Running out of memory. If you’ve got other apps open and you load a 24B model, you can push into swap. macOS won’t crash, but everything slows down and the model generation gets erratic. Close Slack and Chrome’s 40 tabs before loading the model, or spring for 48 GB.

Background ollama serve hogging RAM. Ollama keeps recently-used models warm in memory for a while after you stop querying them. Convenient, but it means a 14 GB chunk of your RAM can be held even when you’re not actively using it. ollama stop devstral unloads it. Or set OLLAMA_KEEP_ALIVE=0 in your shell to unload immediately after each request.

Wrong quantization. If you accidentally pull a Q2 or Q3 variant, quality drops sharply. Always check ollama show <model> to confirm what you’ve got, and stick with Q4_K_M or Q8 for coding.

Embedding Ollama into latency-sensitive prod paths.

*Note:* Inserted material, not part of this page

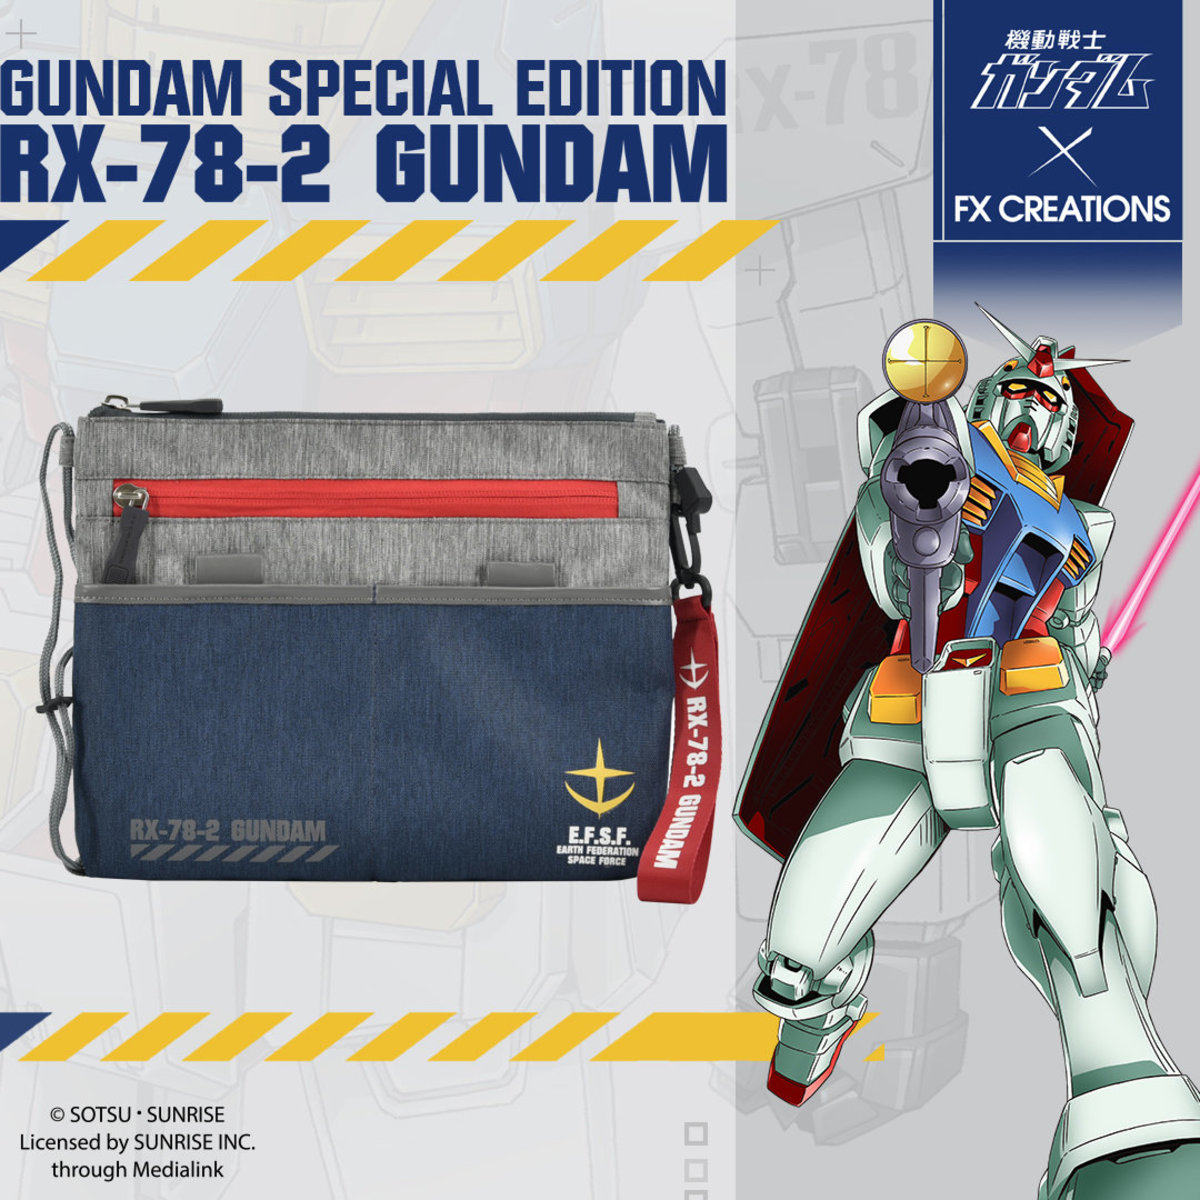 FX Creations x Gundam Special Edition Series - Gundam RX-78-2 Crossbody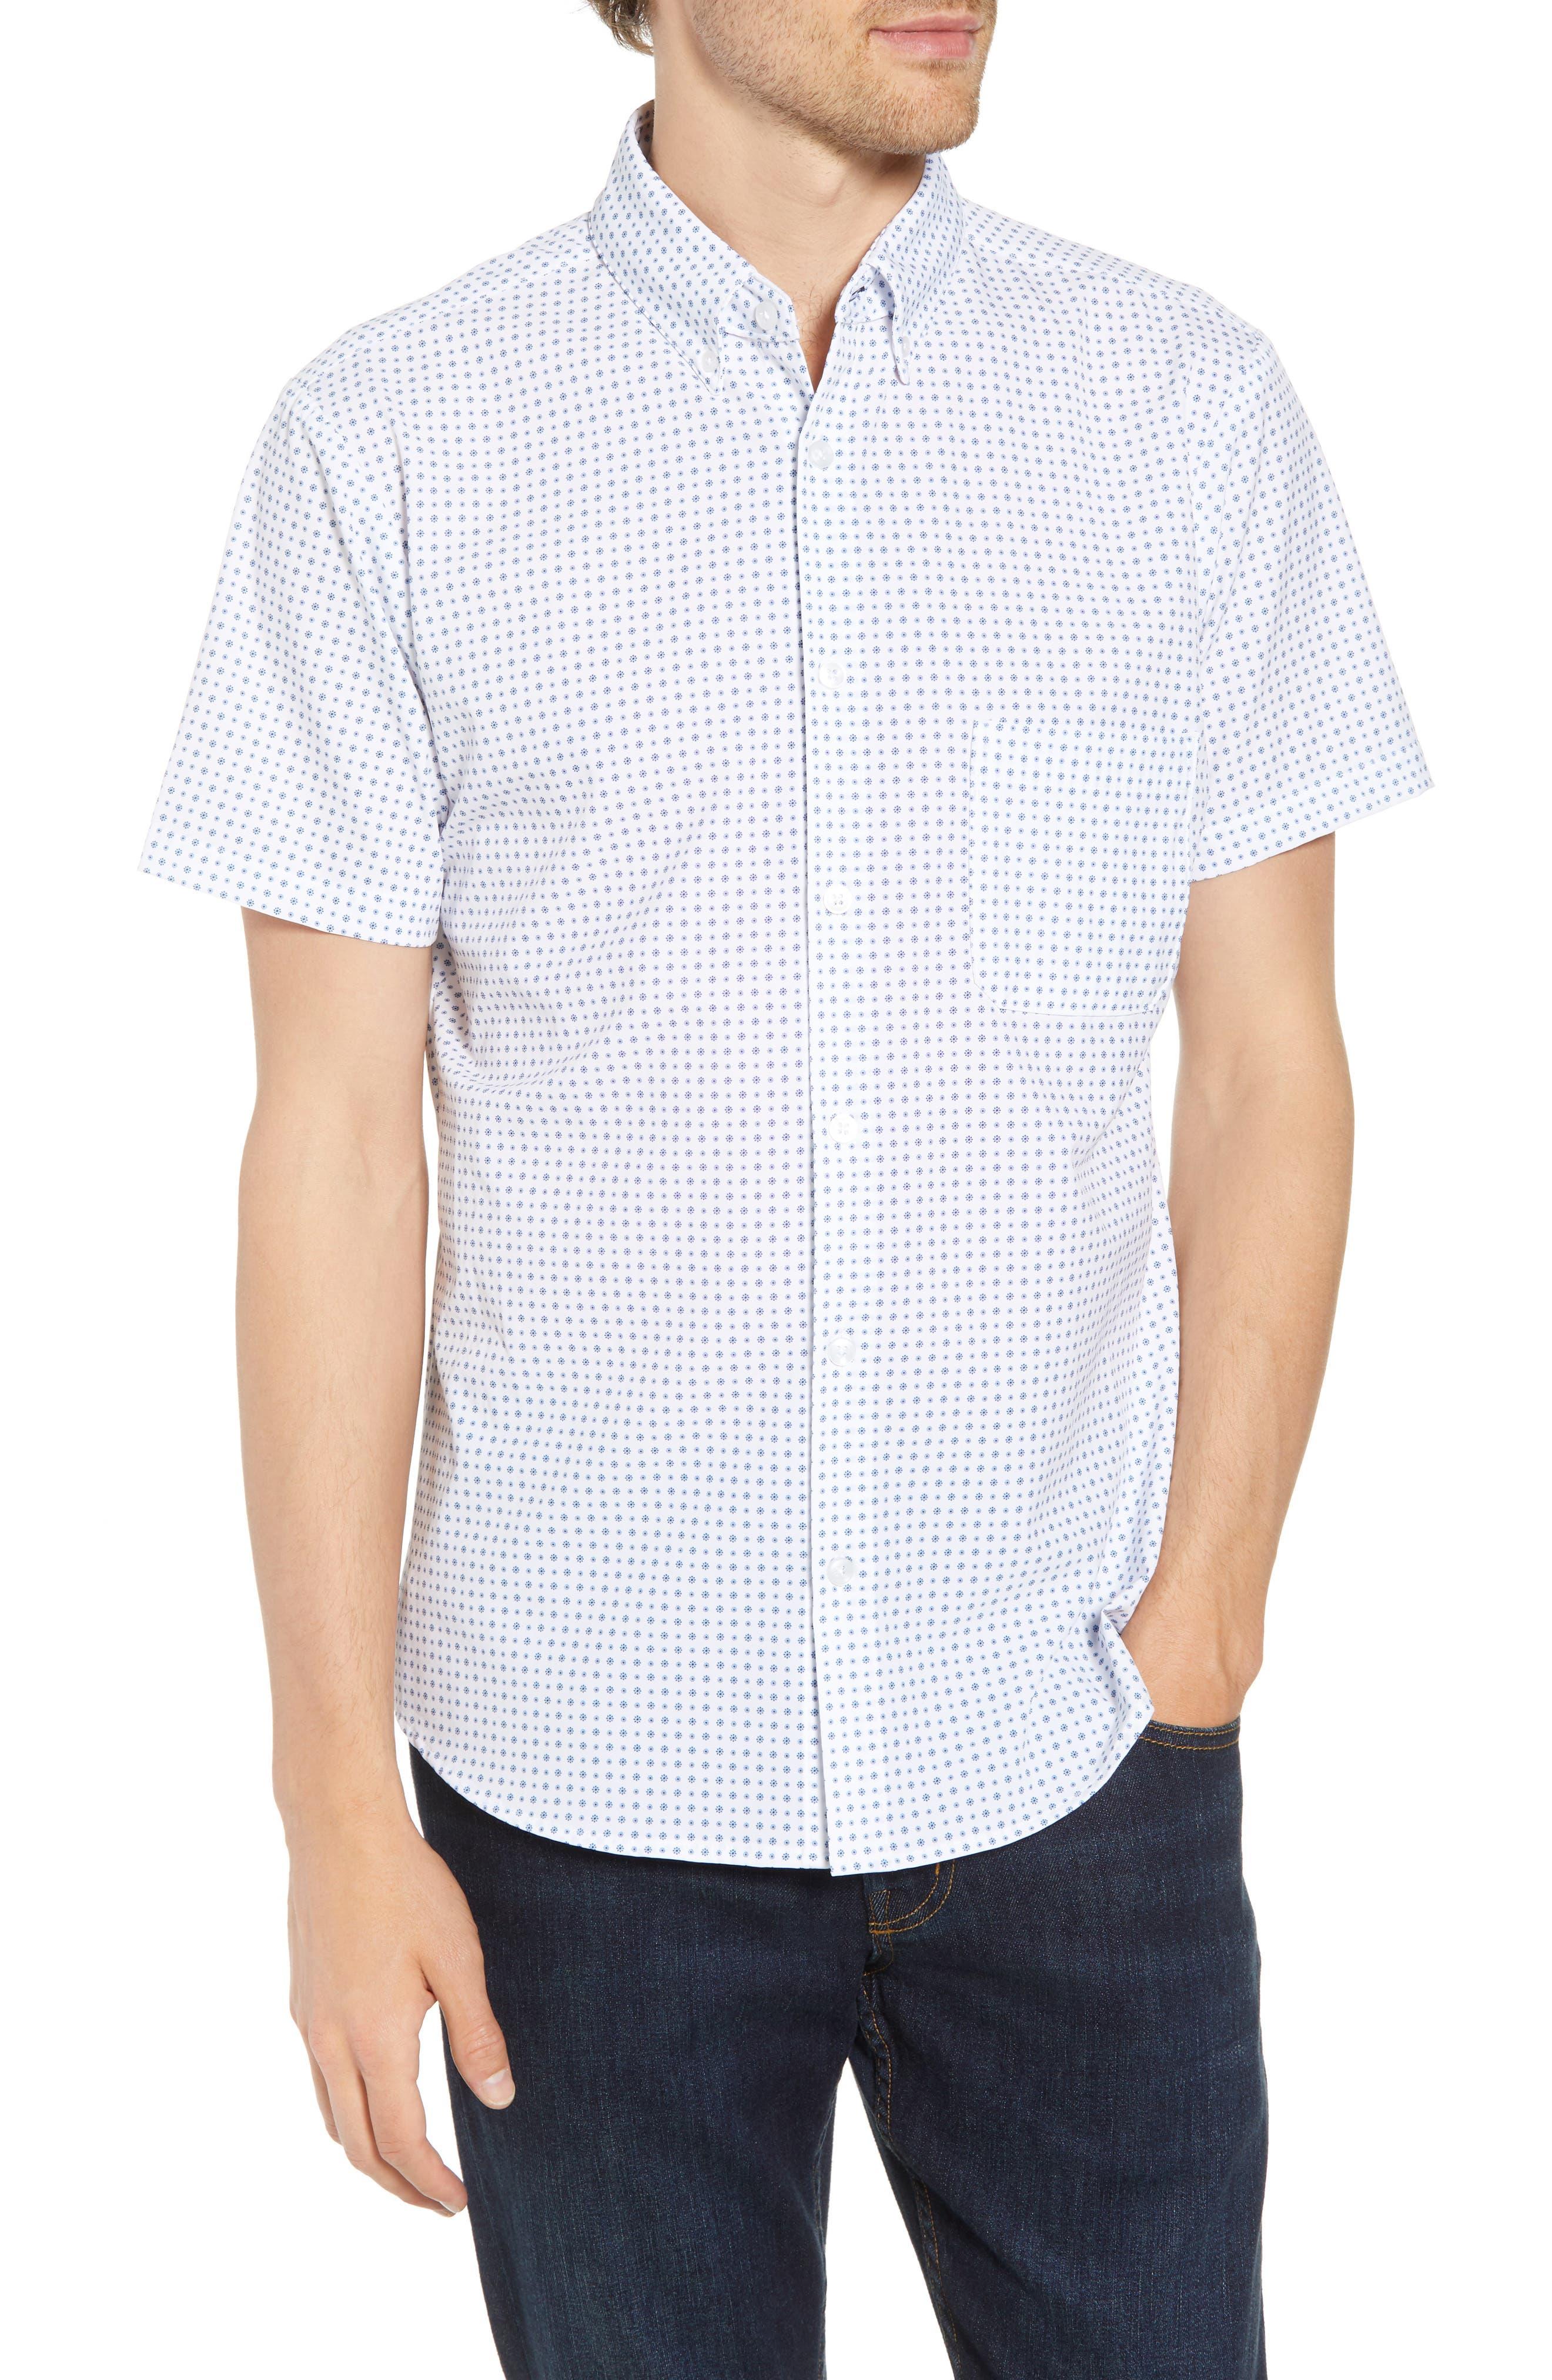 Darst Slim Fit Performance Sport Shirt,                         Main,                         color, White

Don’t. Ollama is for your laptop. For production inference, use a real inference server (vLLM, TGI, or a cloud inference provider). Ollama’s process model and memory management are built for single-user developer use, not for serving traffic.

Assuming parity with Claude. This is the biggest one and it’s the reason most people bounce off local. If you benchmark Devstral against Claude on a hard task, Devstral loses. That doesn’t mean Devstral is bad — it means you picked the wrong task to benchmark on. Pick a completion task and try again.

Getting started — the 15-minute path

If you skip everything above, do this:

  1. brew install ollama && ollama serve &
  2. ollama pull devstral
  3. ollama run devstral — verify it works with a real prompt.
  4. Install Continue.dev in VS Code (or the Ollama provider in Zed) and point it at http://localhost:11434.
  5. Take one prompt you’d normally send to Claude — a small one, a completion or a docstring or a regex — and send it to Devstral instead. Compare.

The point of step 5 is not to decide whether local is “as good as Claude.” It’s to feel the difference — the instant response, the no-network, the “I could do this on a plane” — and calibrate which of your prompts actually want that shape.

Once you’ve done that, local has a slot in your workflow. A narrow slot, but a real one. That’s the win.